= Roskill Commission =

1968–1970 UK government commission on London airports

The Roskill Commission (formally the Commission on the Third London Airport) was a UK government commission charged with looking into finding a site for a new airport for London. Chaired by High Court judge Sir Eustace Roskill, it sat from 1968 to 1970 and published its report in January 1971.

Since the 1950s, London's primary passenger airport had been at Heathrow, with a second one at Gatwick. The commission's aim was "to enquire into the timing of the need for a four-runway airport to cater for the growth of traffic at existing airports serving the London area, to consider the various alternative sites, and to recommend which site should be selected."

Roskill's initial list of 78 sites was reduced to an intermediate list of 29, before detailed consideration of four short-listed locations:
- Cublington
- Foulness
- Nuthampstead
- Thurleigh

The Commission recommended that a site at Cublington near Wing in Buckinghamshire (to the north-west of London) should be developed as London's third airport.

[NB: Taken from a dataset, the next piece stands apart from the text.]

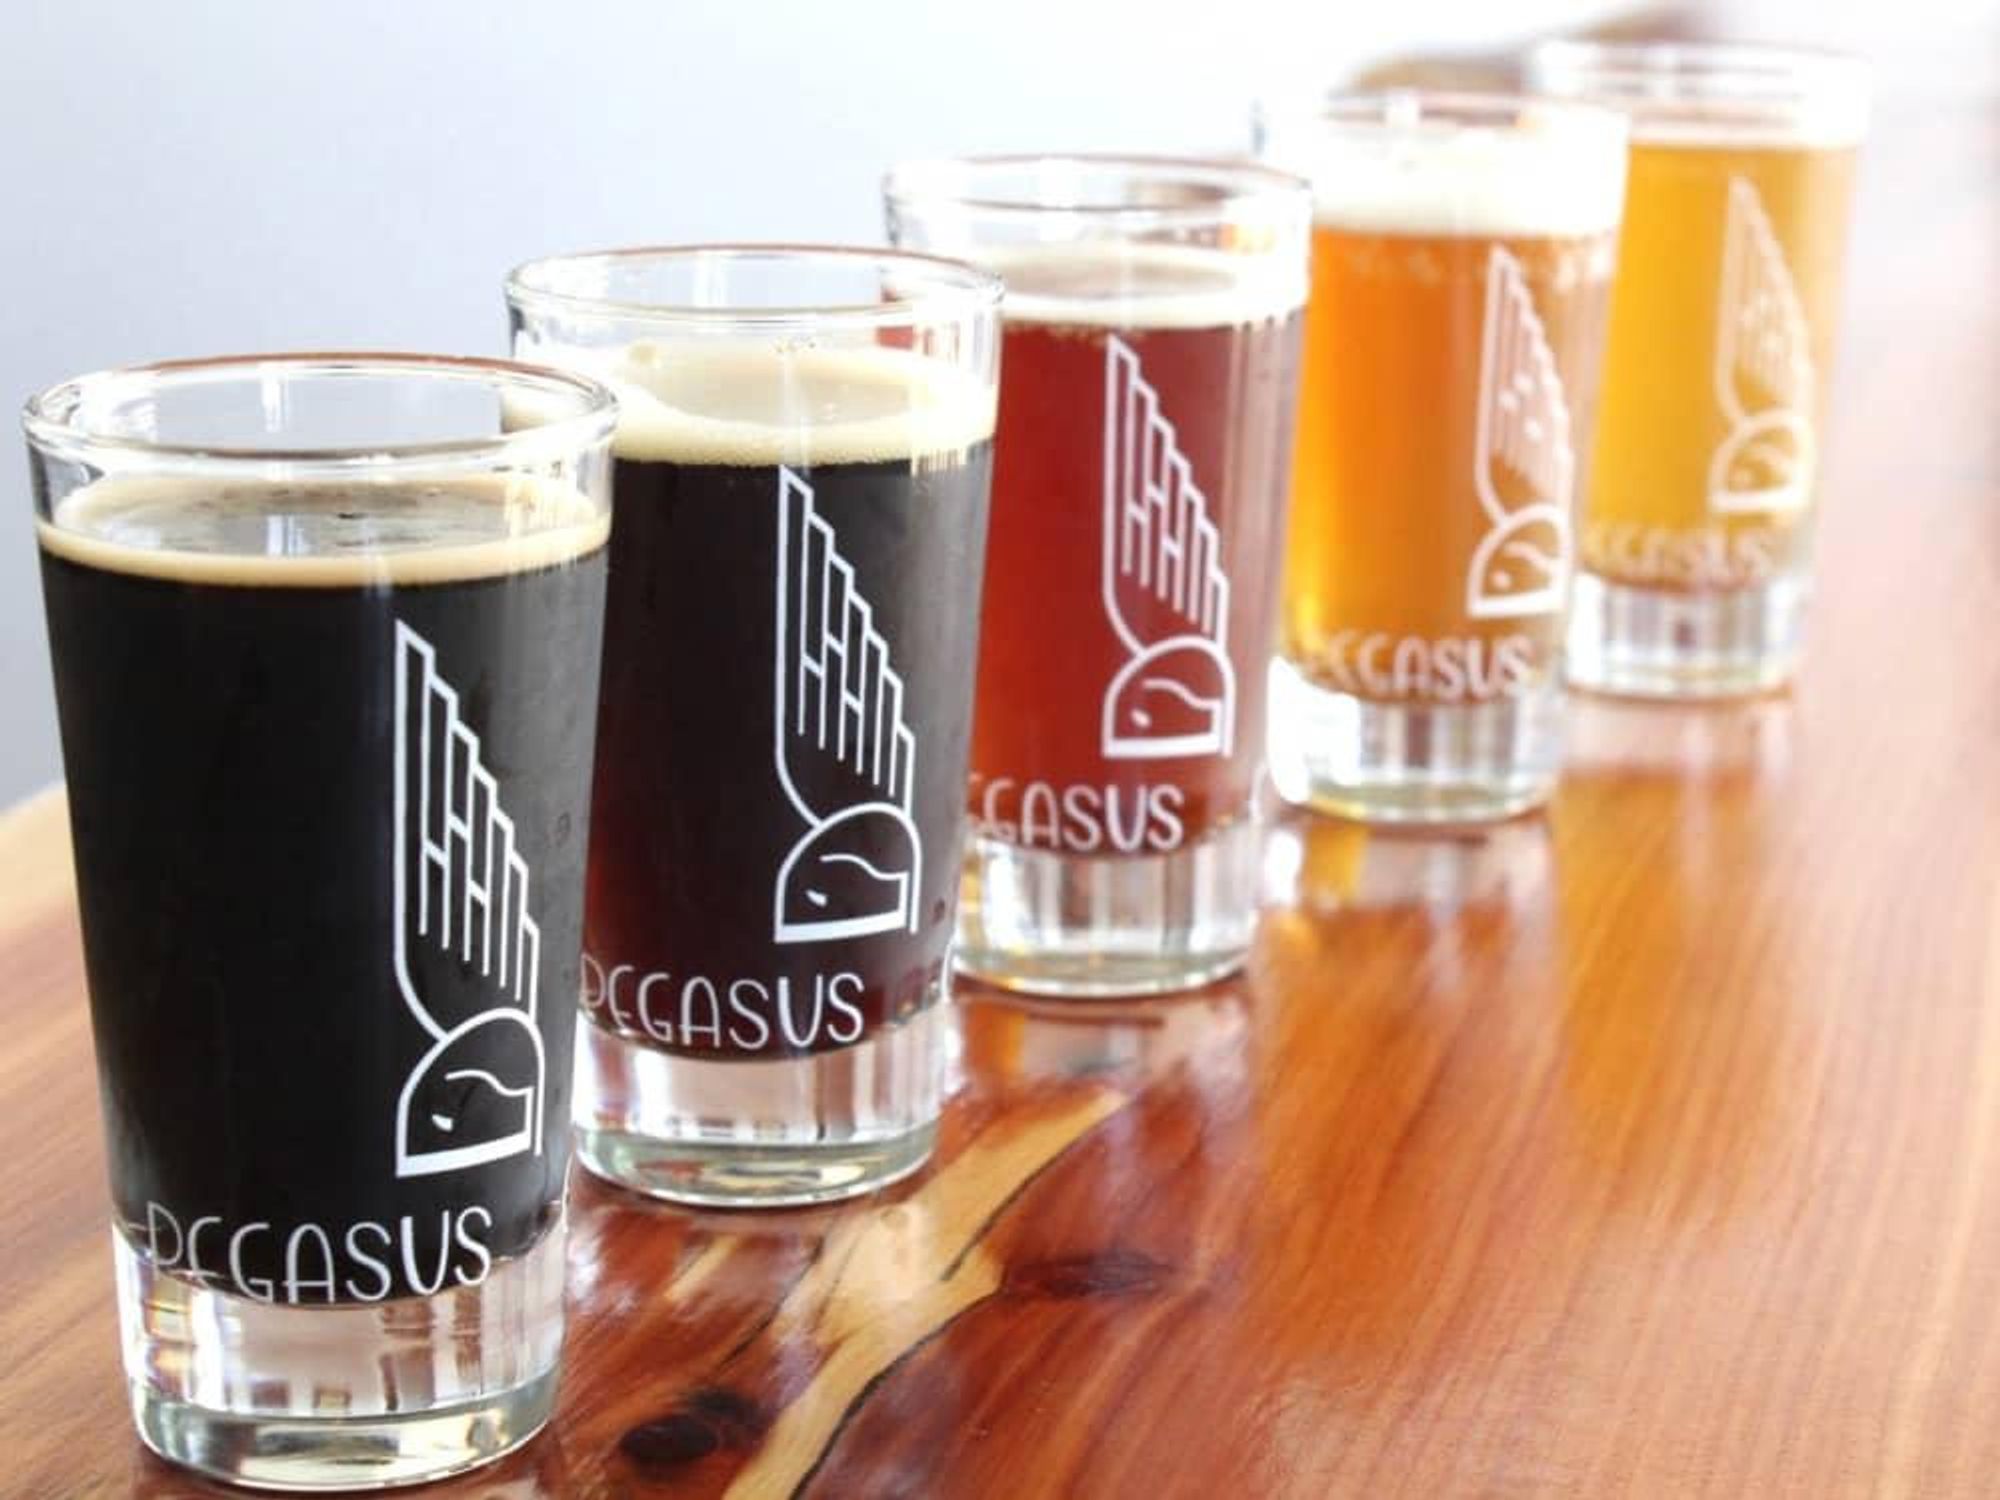 Pegasus City Brewery

The UK government rejected the commission's proposal for Cublington, but accepted a dissenting report by a member of the commission, Colin Buchanan, which recommended that a new airport should be developed at Foulness (later known as Maplin Sands) in Essex.

An act of parliament was passed – the Maplin Development Act 1973 – that paved the way for a Thames Estuary Airport at Maplin Sands. However, the airport proposal was shelved after the 1973 oil crisis, and plans for a new third airport were replaced by smaller-scale redevelopment of Stansted, a site not short-listed by the Roskill Commission.

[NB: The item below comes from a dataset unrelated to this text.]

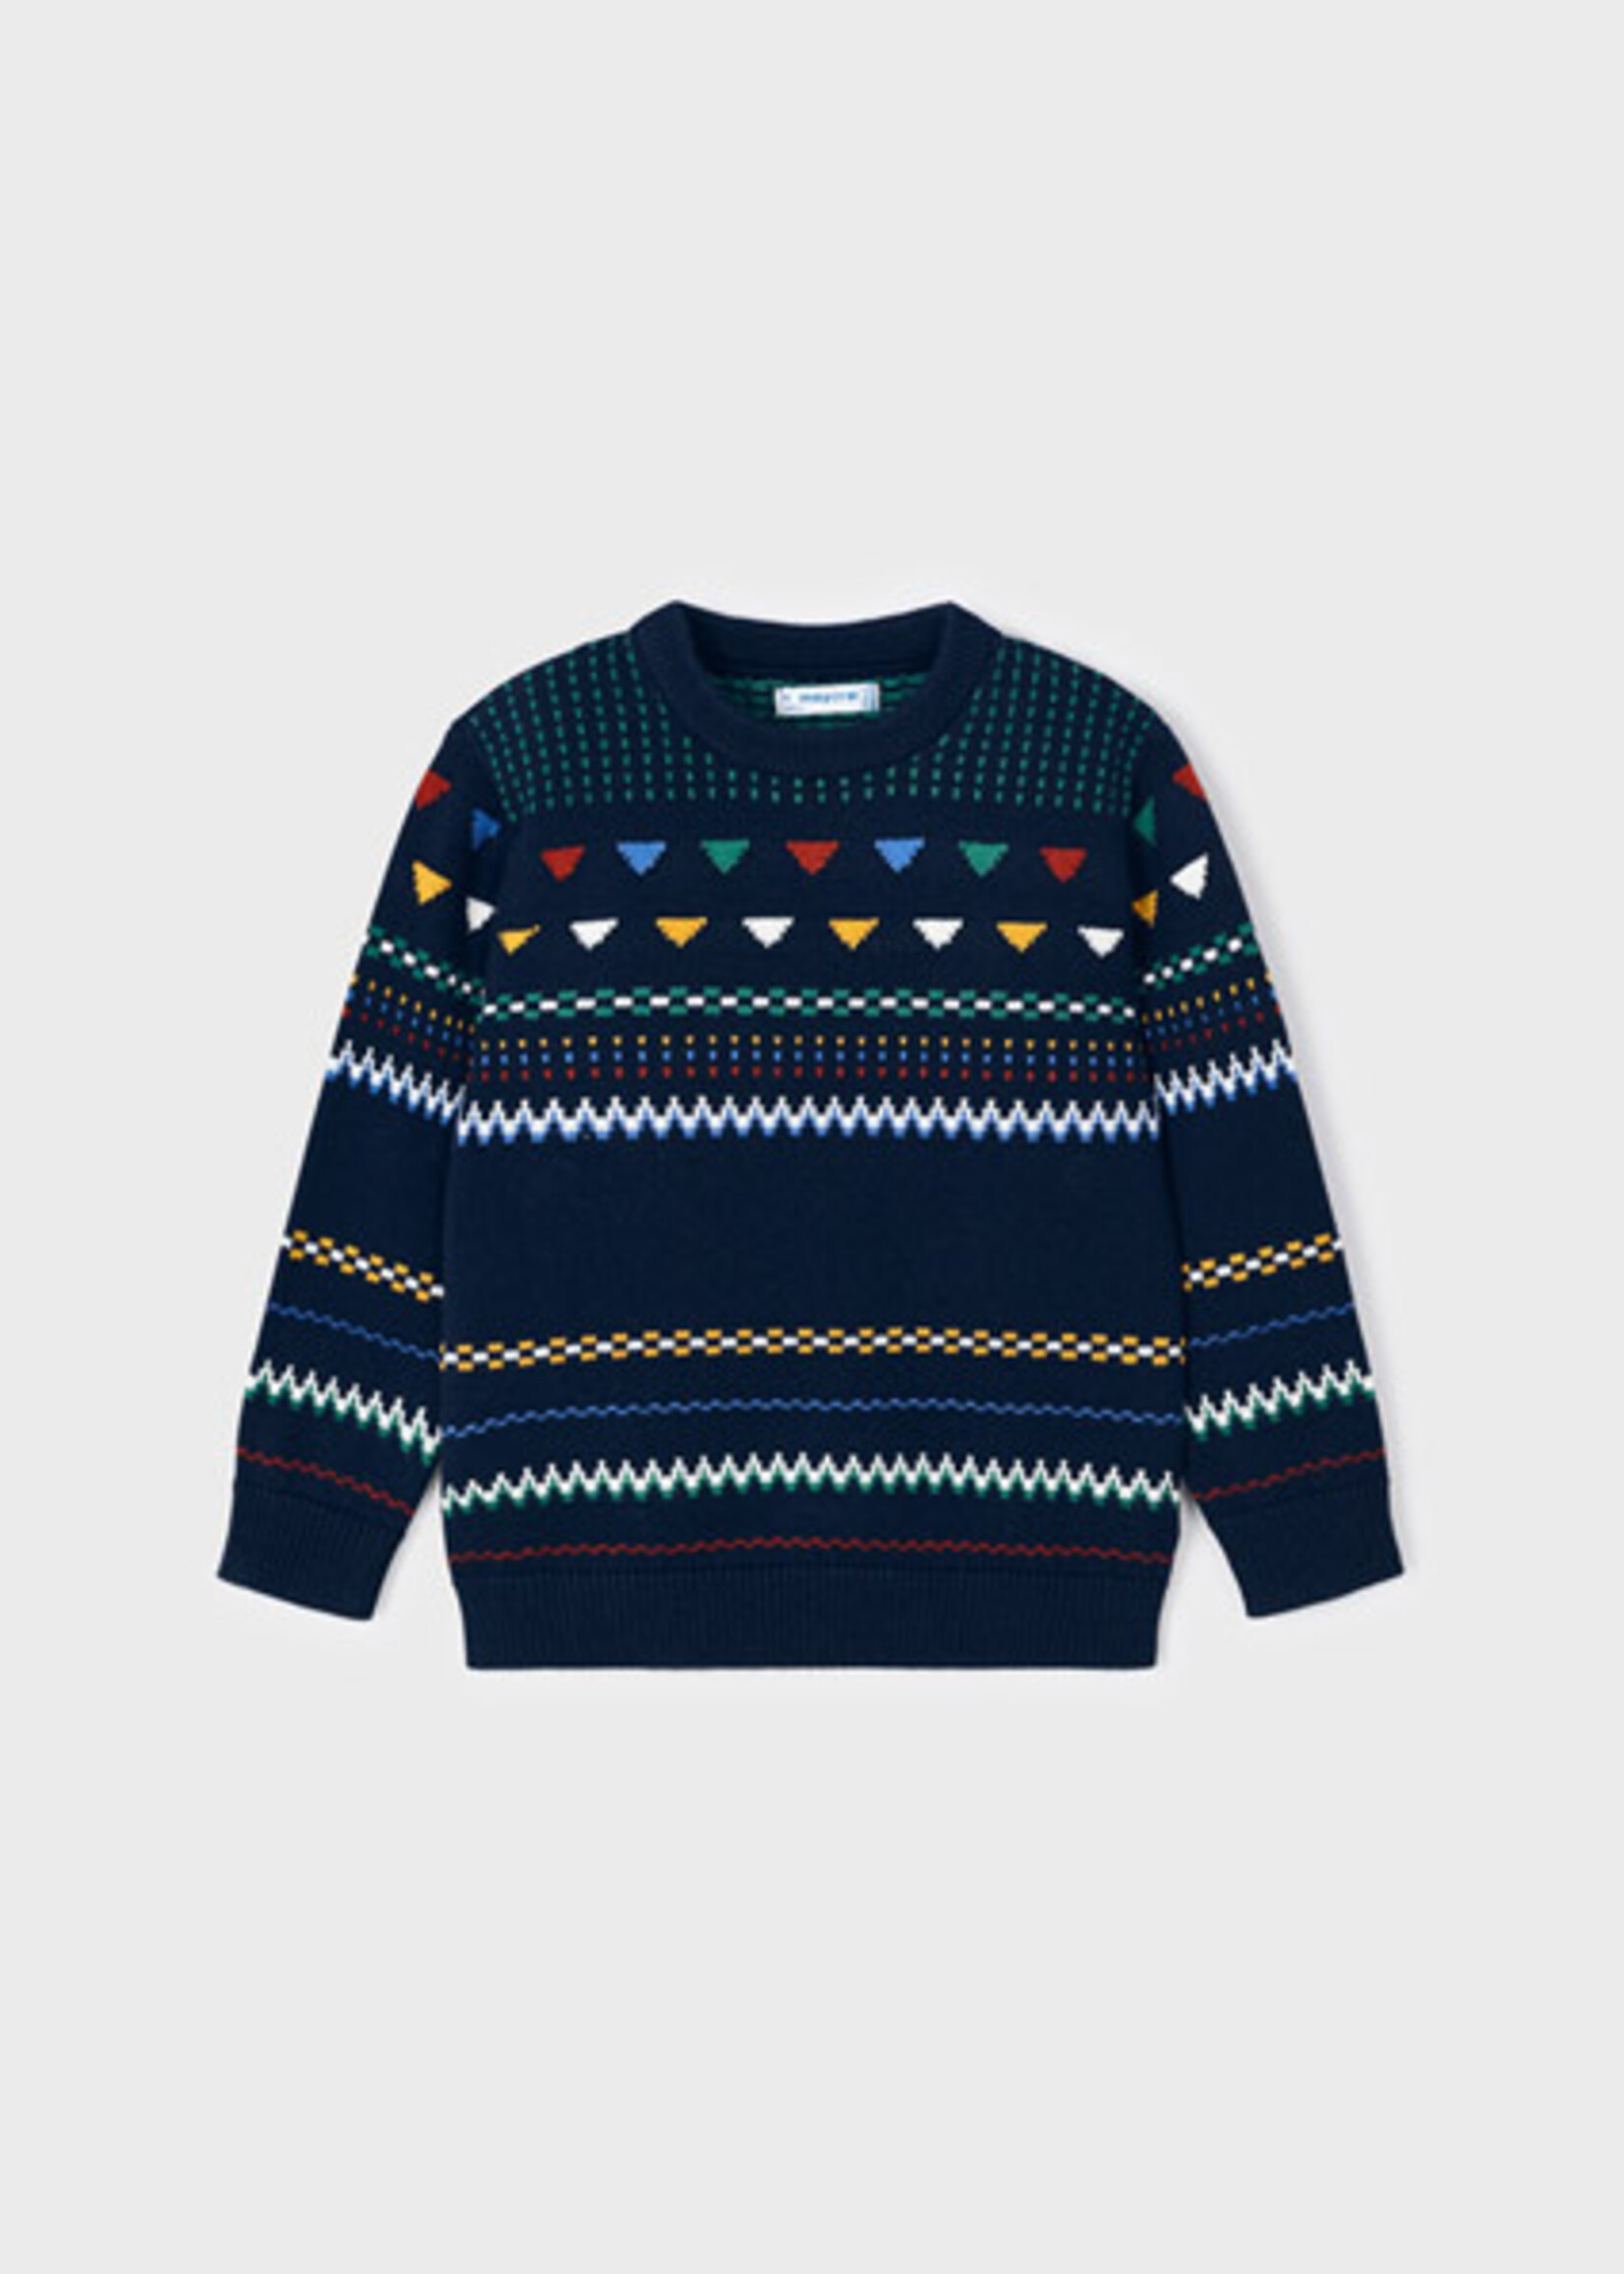 Mayoral 4323 Sweater                       Dark

In 2012 the UK government established the independent Airports Commission to look again at the future of London's airports.

==Panel==
The members of the seven-man Commission were:
- Hon. Mr. Justice Roskill
- Colin Buchanan, Professor of Transport, Imperial College of Science and Technology
- Alfred Goldstein, Partner in R. Travers Morgan & Partners, Consulting Engineers
- Arthur J. Hunt, Principal Planning Inspector, Ministry of Housing and Local Government
- David Keith-Lucas, Professor of Aircraft Design, the College of Aeronautics, Cranfield; and President of the Royal Aeronautical Society
- Arthur William Knight, Finance Director, Courtaulds Limited
- Alan Walters, Professor of Econometrics and Social Statistics, University of Birmingham (later Cassel Professor of Economics in the University of London).